Start of COLLECTED MATERIAL

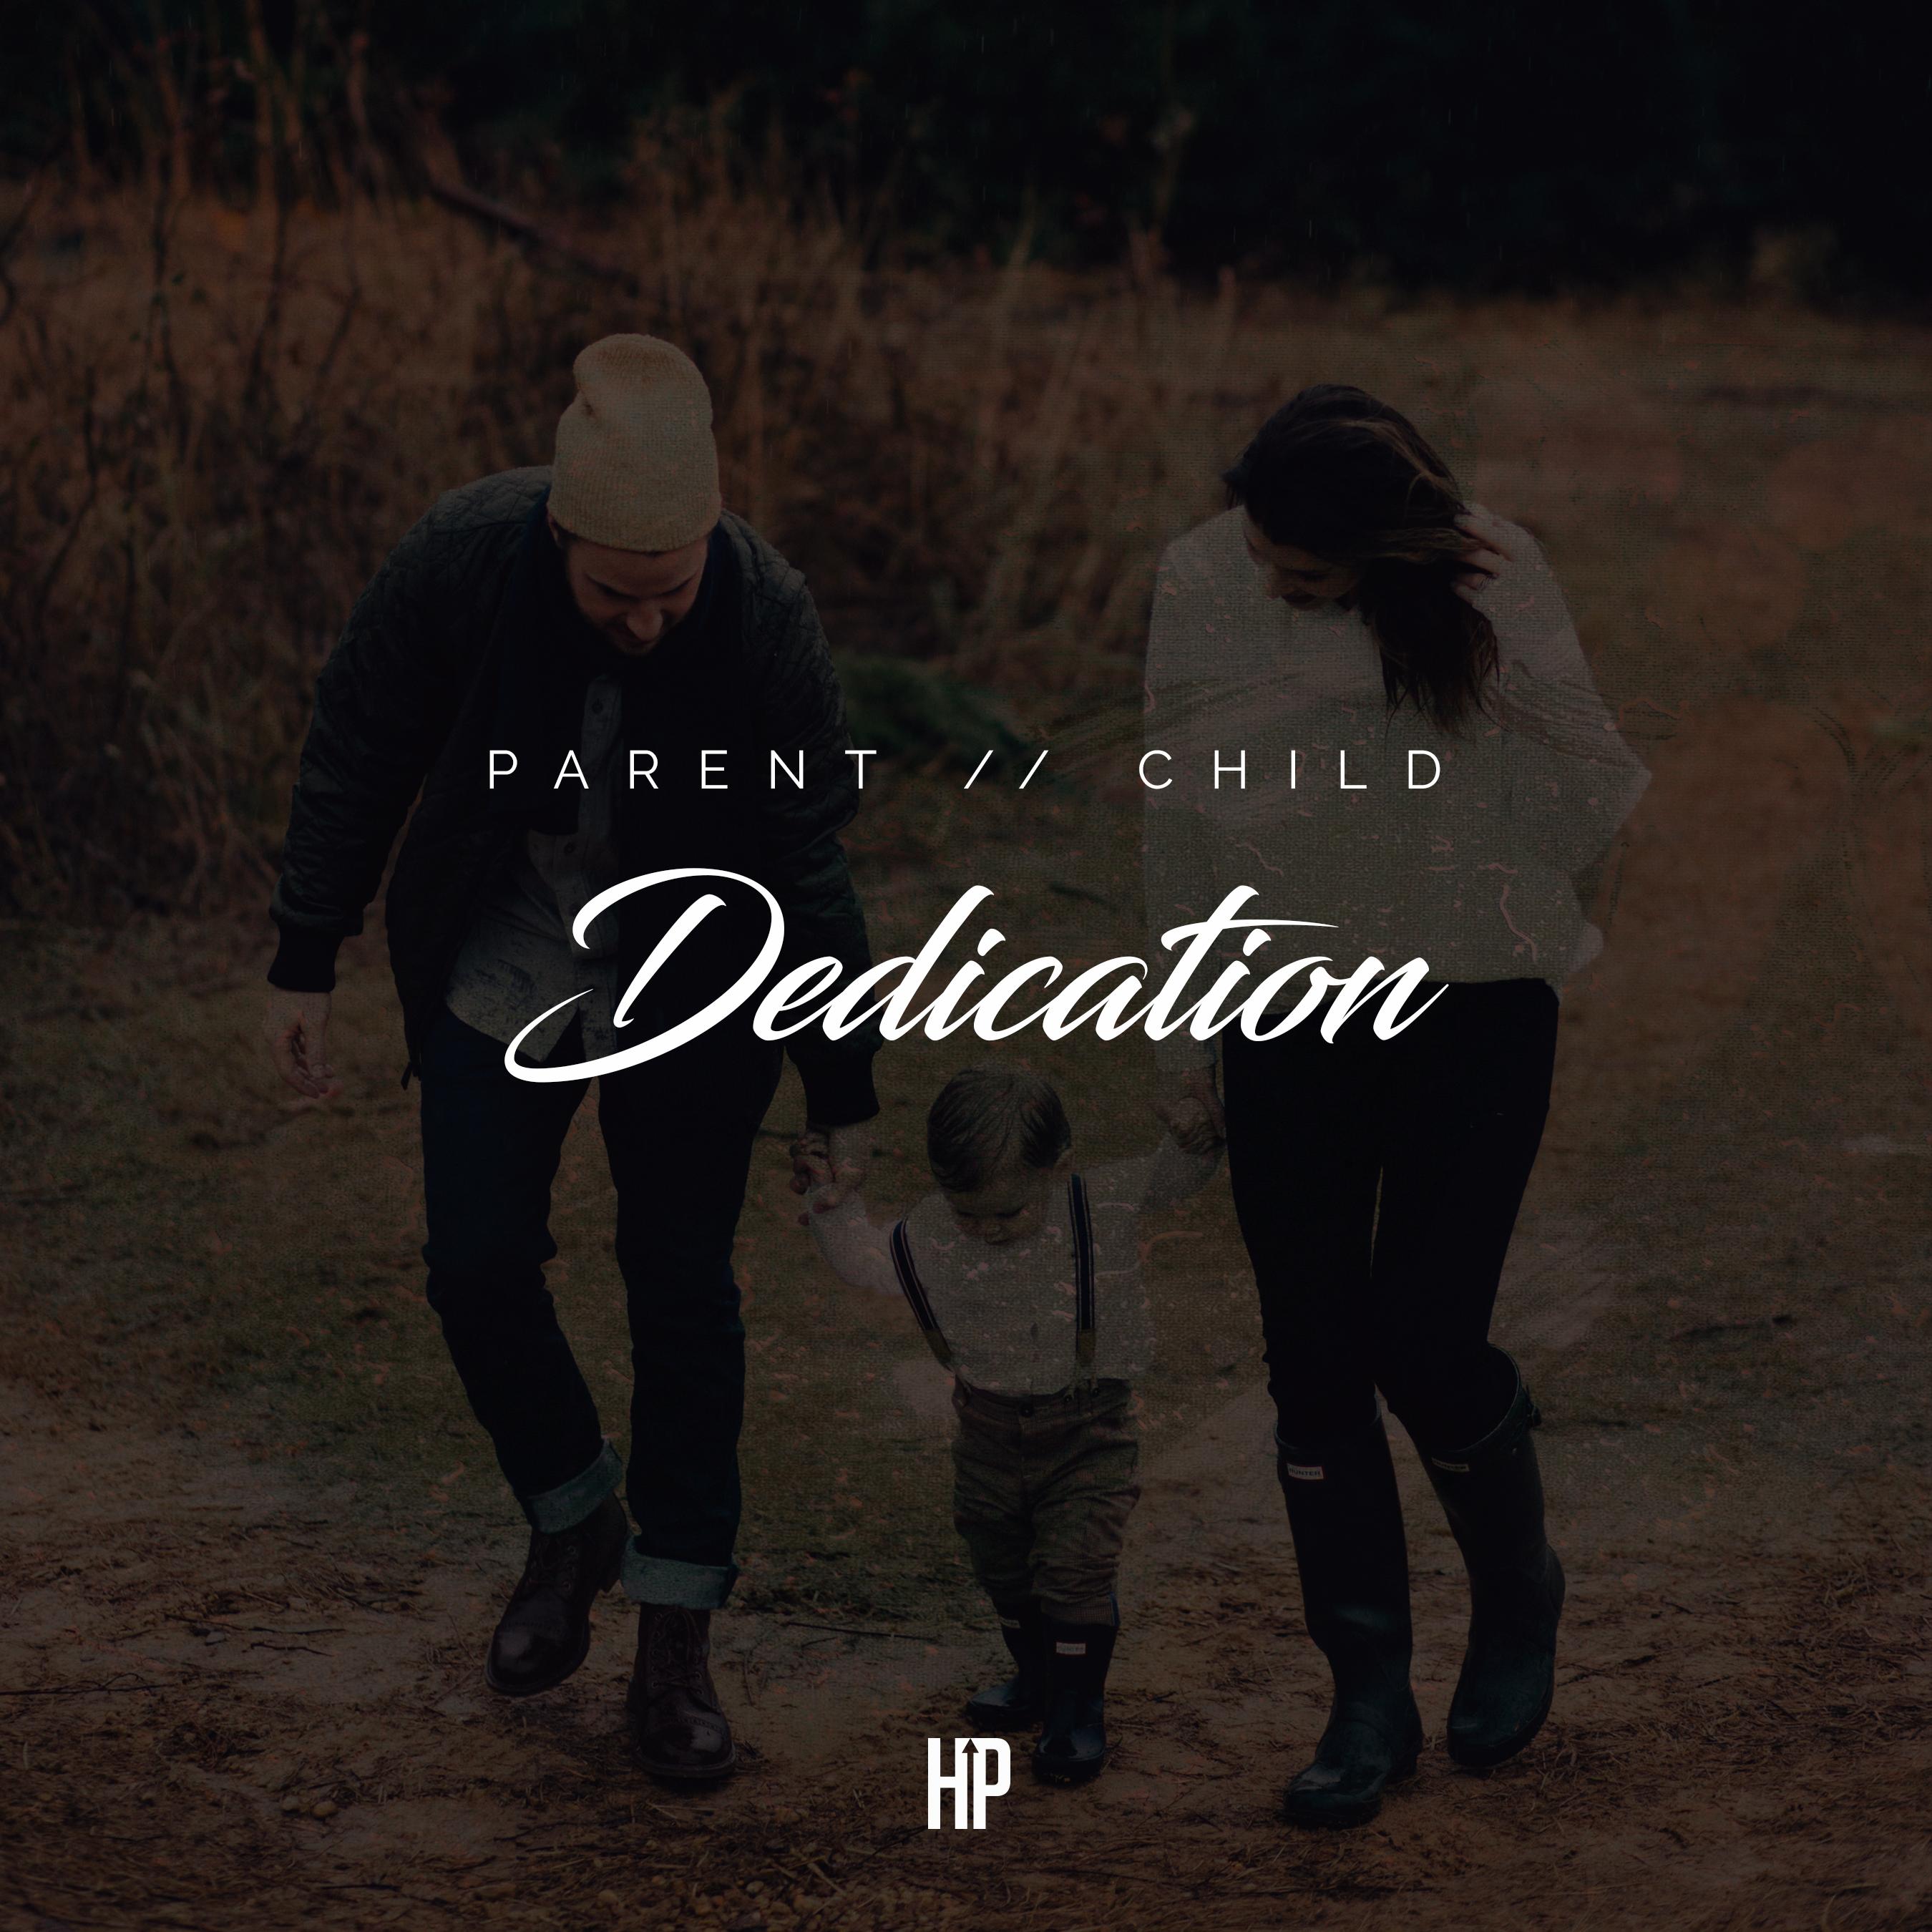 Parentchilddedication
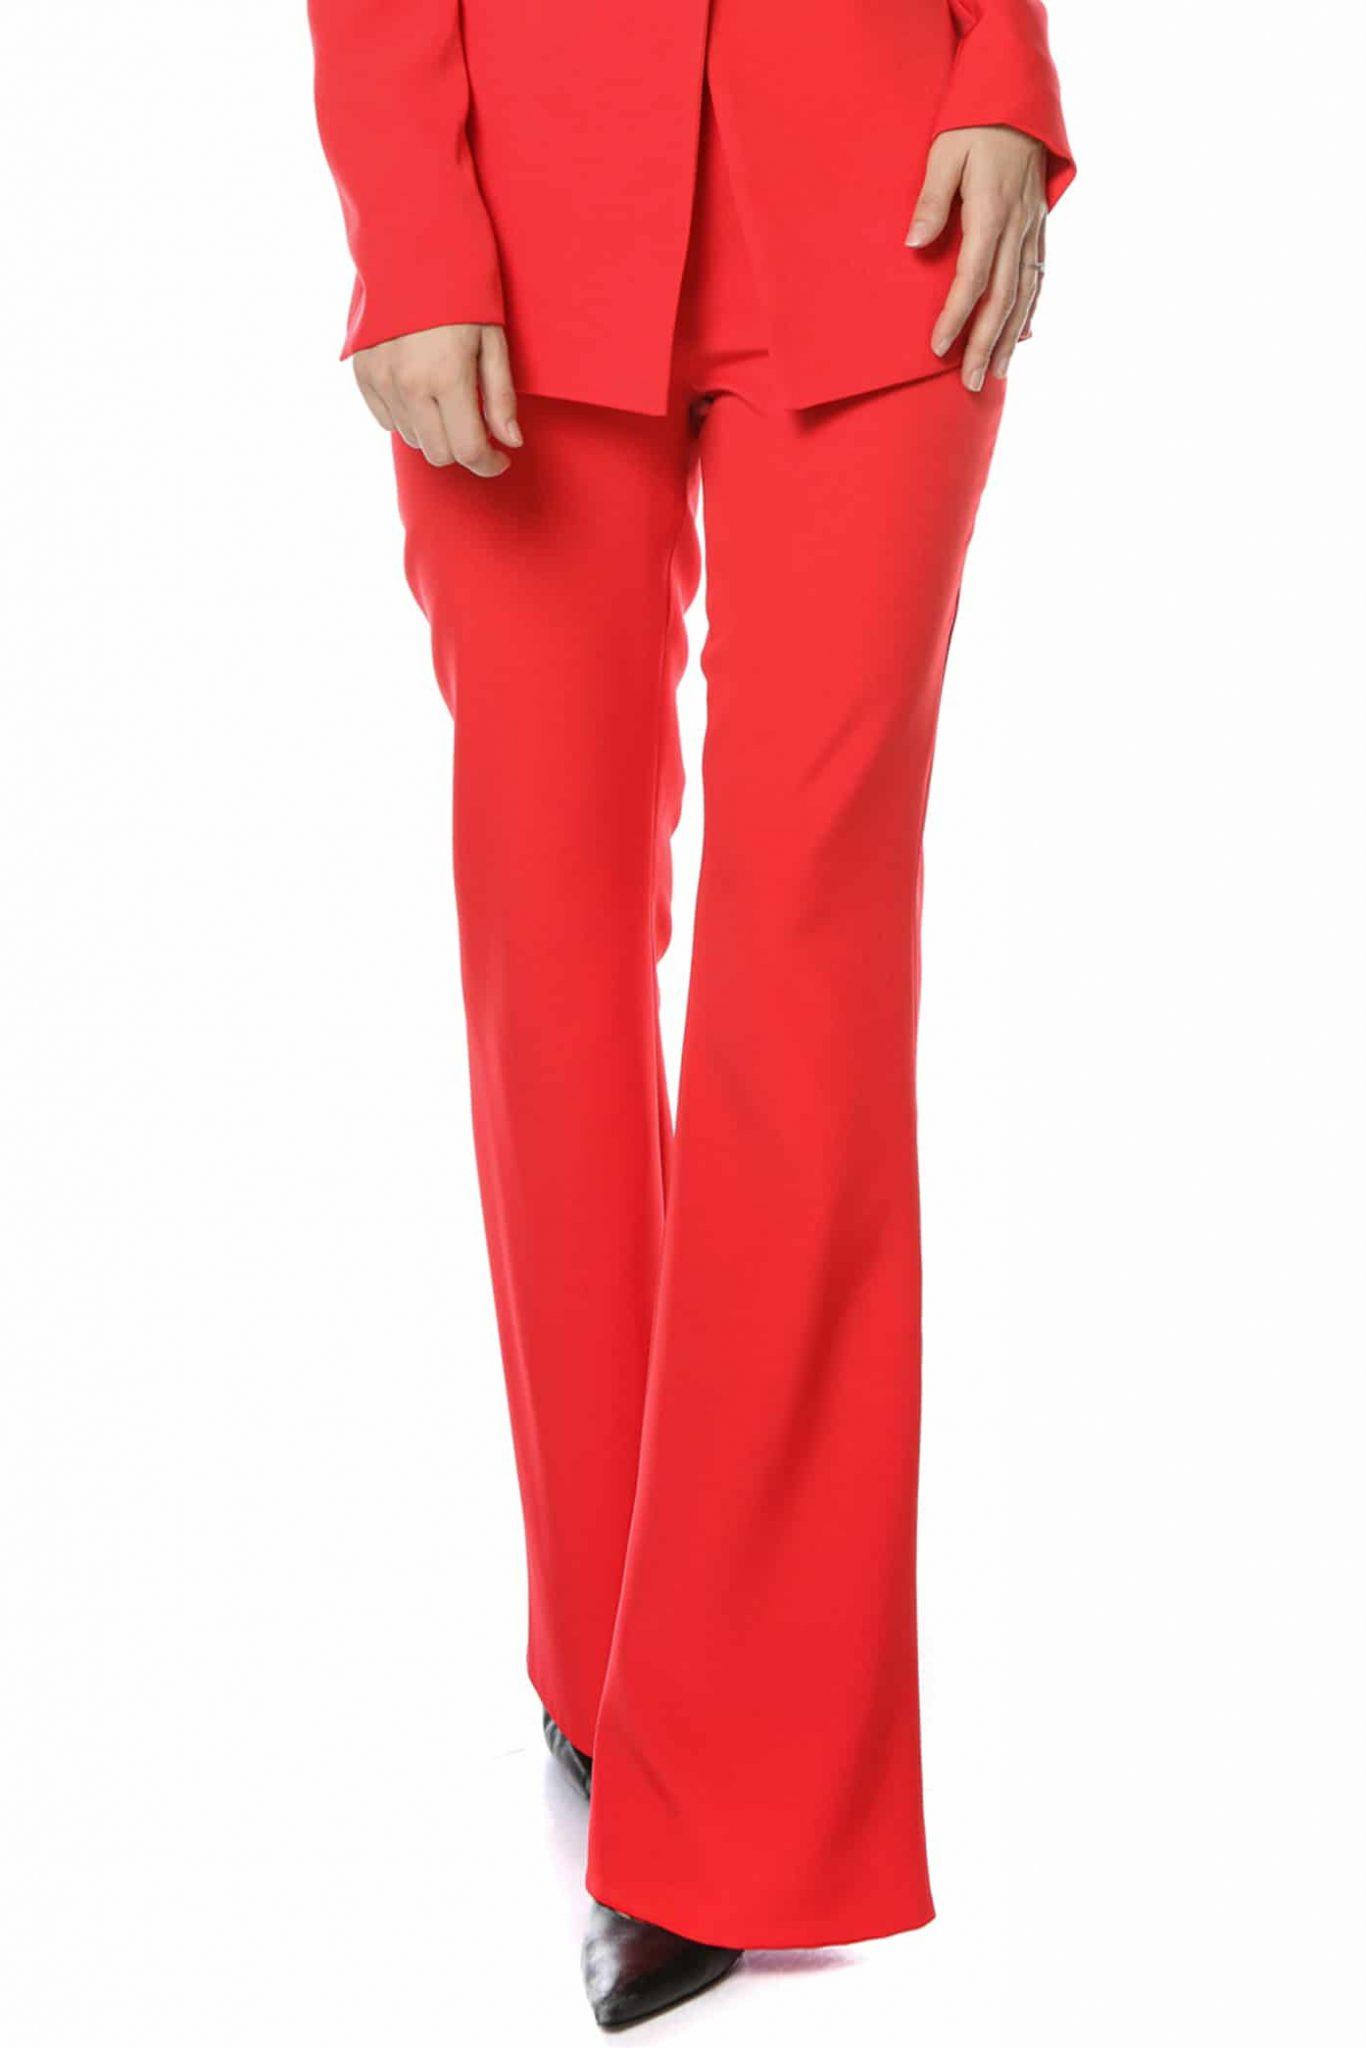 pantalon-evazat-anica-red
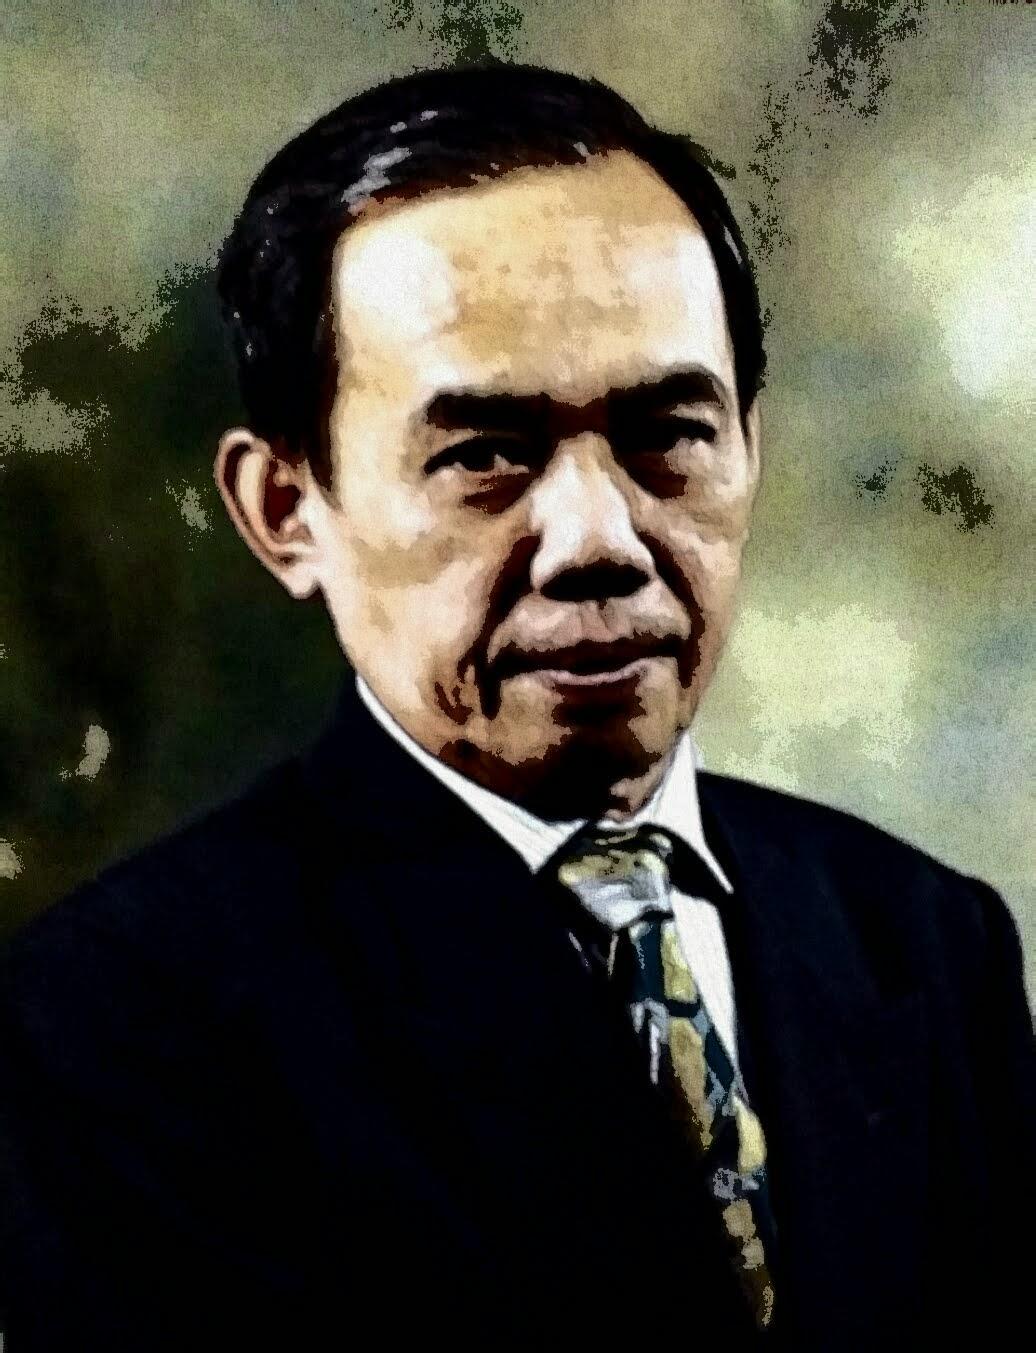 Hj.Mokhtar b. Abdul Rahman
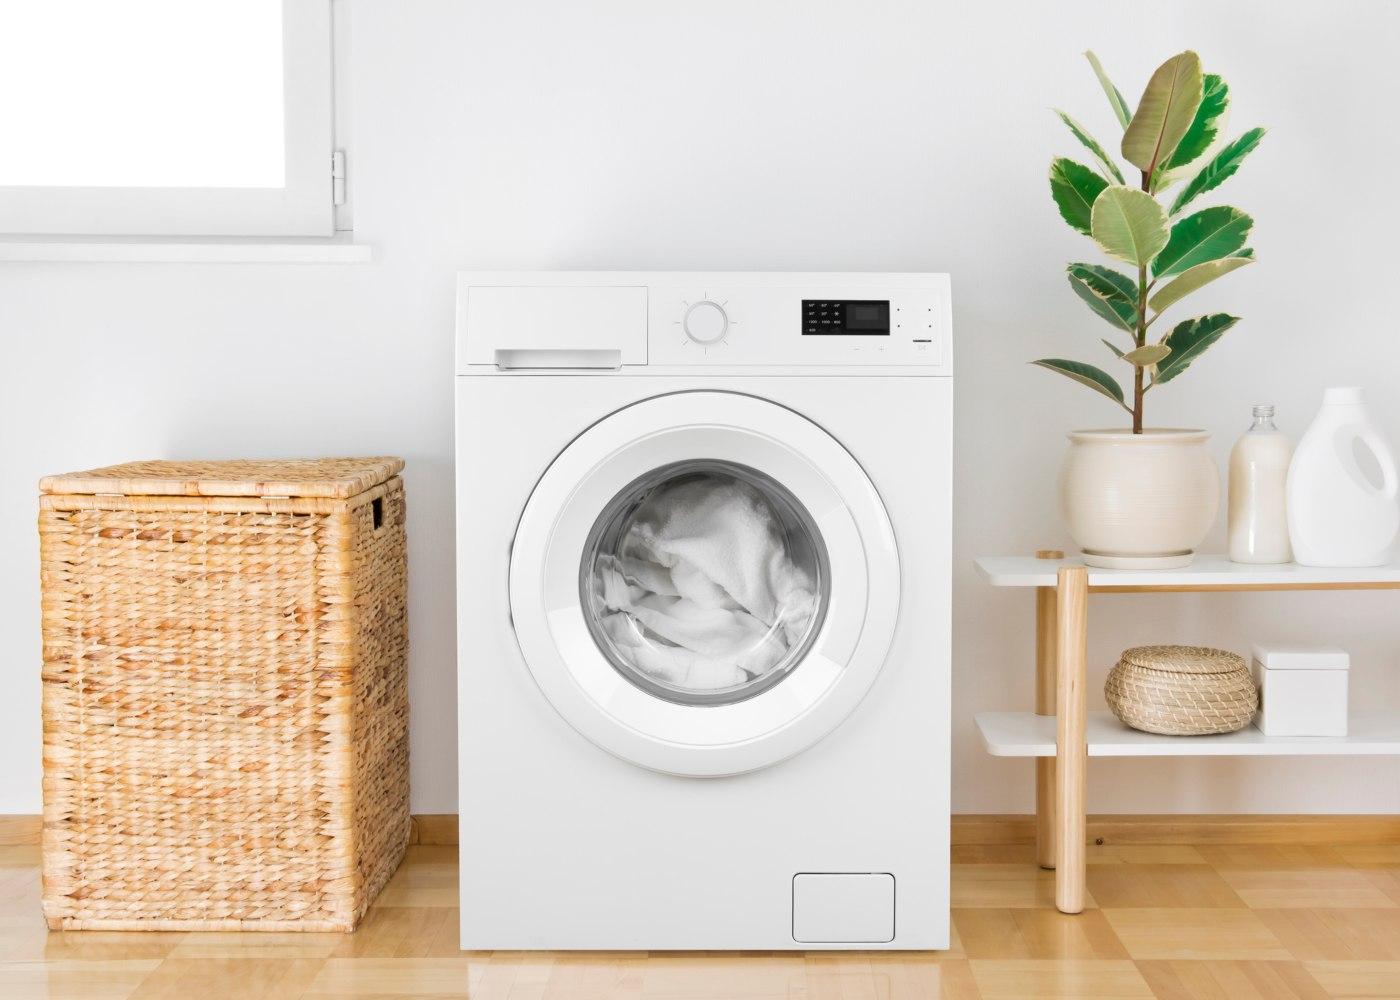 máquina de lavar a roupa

End of COLLECTED MATERIAL

Repeat word for word only the lines from the line holding "Hj.Mokhtar b. Abdul Rahman" to the final line of the material, both included. Don't carry over any picture.

 Hj.Mokhtar b. Abdul Rahman
 máquina de lavar a roupa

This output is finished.